1. Mirae Asset ELSS Tax-Saver Fund

So, let’s start with the biggest fund. Managed by veteran fund manager Nilesh Surana, Mirai Asset ELSS tax-saver fund is also the third-largest tax-saving fund, with assets worth Rs 25,000 crore.

  • Performance: It has delivered a 7-year rolling return of 19.21%.
  • Lump Sum Growth: Now, let’s look at how much this fund has made for its investors. If you had invested Rs 1 lakh in this fund 5 years ago, it would have nearly tripled to Rs 2.8 lakh by now.
  • SIP Growth: And a Rs 10,000 monthly SIP in this scheme for 5 years, where you would have invested Rs 6 lakh till date, would have grown to a massive Rs 10.9 lakh.

2. DSP ELSS Tax-Saver Fund

Then we have the DSP ELSS tax-saver fund, which is also the fourth-largest fund in the ELSS space and has delivered rolling returns of 16.38%.

  • Lump Sum Growth: Now, in terms of amount, Rs 1 lakh invested in it 5 years ago would have tripled to Rs 2.93 lakh.
  • SIP Growth: And a Rs 10,000 monthly SIP for 5 years would have grown your money to Rs 11.73 lakh.

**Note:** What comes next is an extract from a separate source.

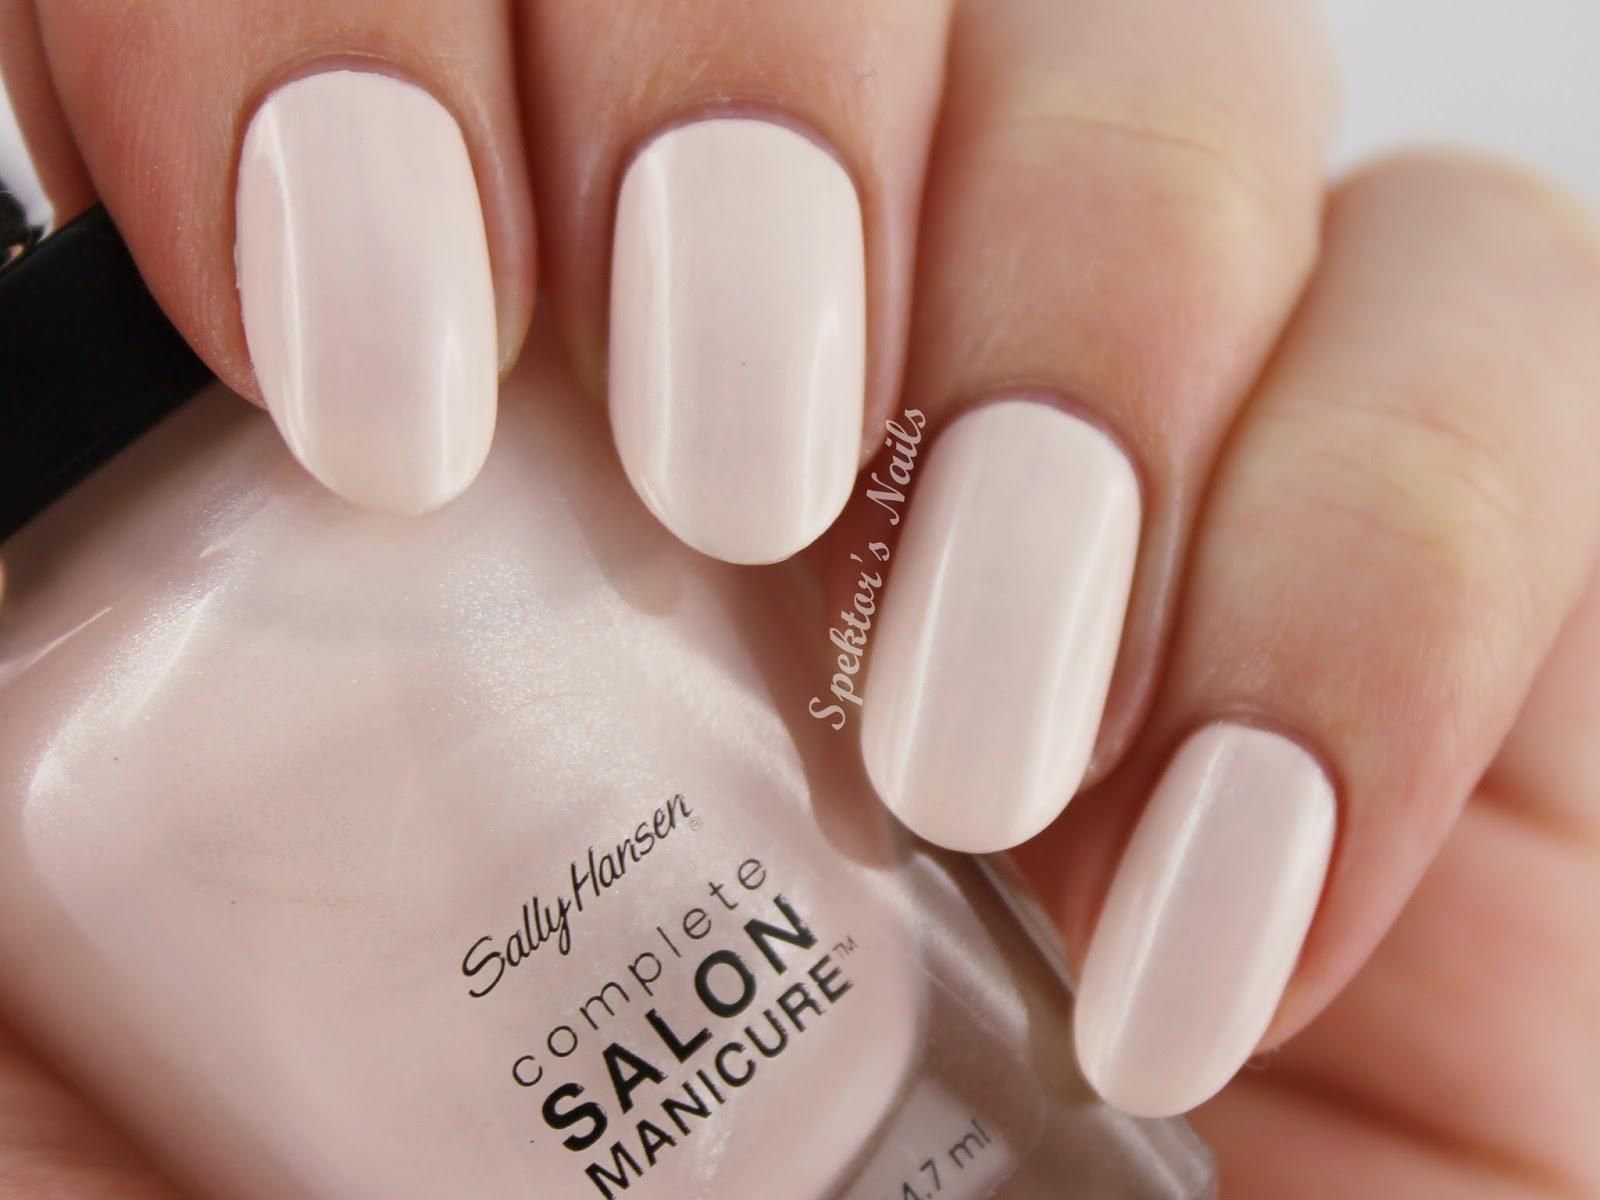 Sally Hansen - Designer Collection 2014 A Wink Of Pink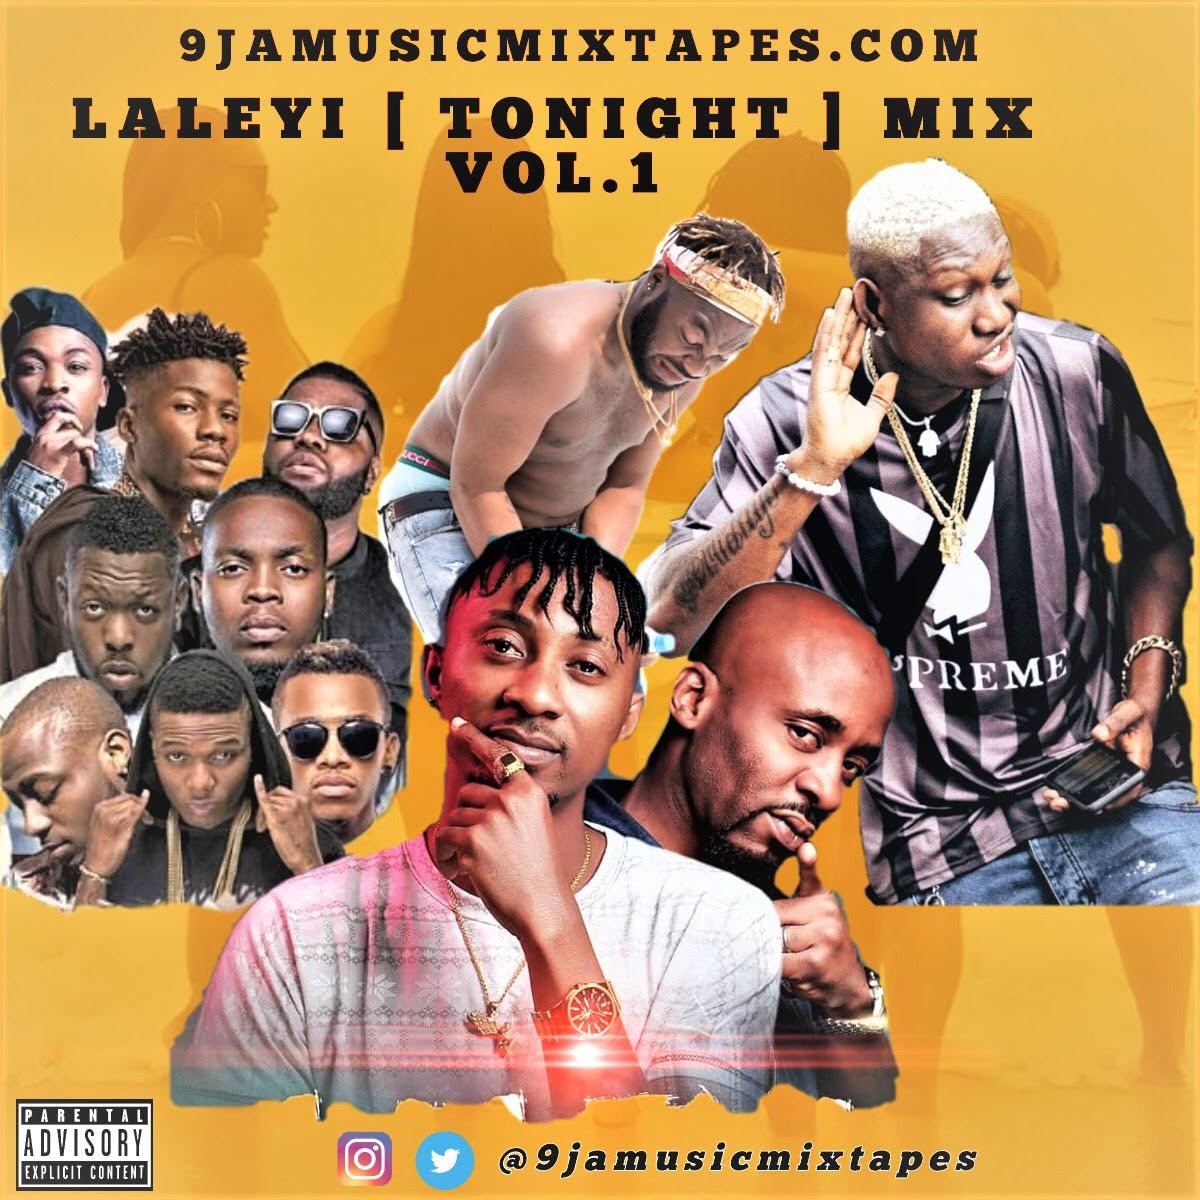 Mixtape: Laleyi [ Tonight ] Mix Vol.1 Hosted By DJ Que [ @Wflamed ] @Superstar_knas @Iamben4ster

3. Motilal Oswal ELSS Tax-Saver Fund

Next, we have Motilal Oswal ELSS tax-saver fund managing assets of around Rs 4,000 crore.

  • Performance: It has delivered a 16.2% rolling return over the 7 years.
  • Lump Sum Growth: And if you had invested Rs 1 lakh in this fund 5 years ago, you would have more than tripled your money to Rs 3.28 lakh by now.
  • SIP Growth: And a Rs 10,000 monthly SIP started 5 years ago would have grown to a massive Rs 13.92 lakh.

4. PGIM India ELSS Tax-Saver Fund

With 15.82% 7-year rolling returns, we have a relatively minor fund on the list: PGM India ELSS tax-saver fund, which manages assets worth Rs 769 crore.

  • Lump Sum Growth: And if you had invested Rs 1 lakh in it 5 years ago, you would have made Rs 2.64 lakh by now.
  • SIP Growth: And a Rs 10,000 monthly SIP continued for 5 years would have made you an amazing corpus of Rs 10.47 lakh by now.

5. Tata ELSS Tax-Saver Fund

Next in the list is the Tata ELSS tax-saver fund, which has delivered a 7-year rolling return of 14.97%.

  • Lump Sum Growth: Looking at how much this fund has made for its investors, Rs 1 lakh invested 5 years ago would have grown to Rs 2.5x, or Rs 2.57 lakh.
  • SIP Growth: And a Rs 10,000 monthly SIP for 5 years would have grown to Rs 10.87 lakh.
Best ELSS Funds

Conclusion: Why ELSS is a Smart Choice

Friends, ELSS mutual funds are not only good for tax savings but also offer good returns. The reason is that our funds are locked in ELSS for 3 years. And then, whether it is in profit or loss, we can’t sell it before 3 years.

In this way, the ELSS fund is saved from our emotional mistakes. And funds stay in mutual funds for a long time, allowing them to generate good returns.

So, we hope you will now definitely invest in ELSS mutual funds and make good returns while saving tax.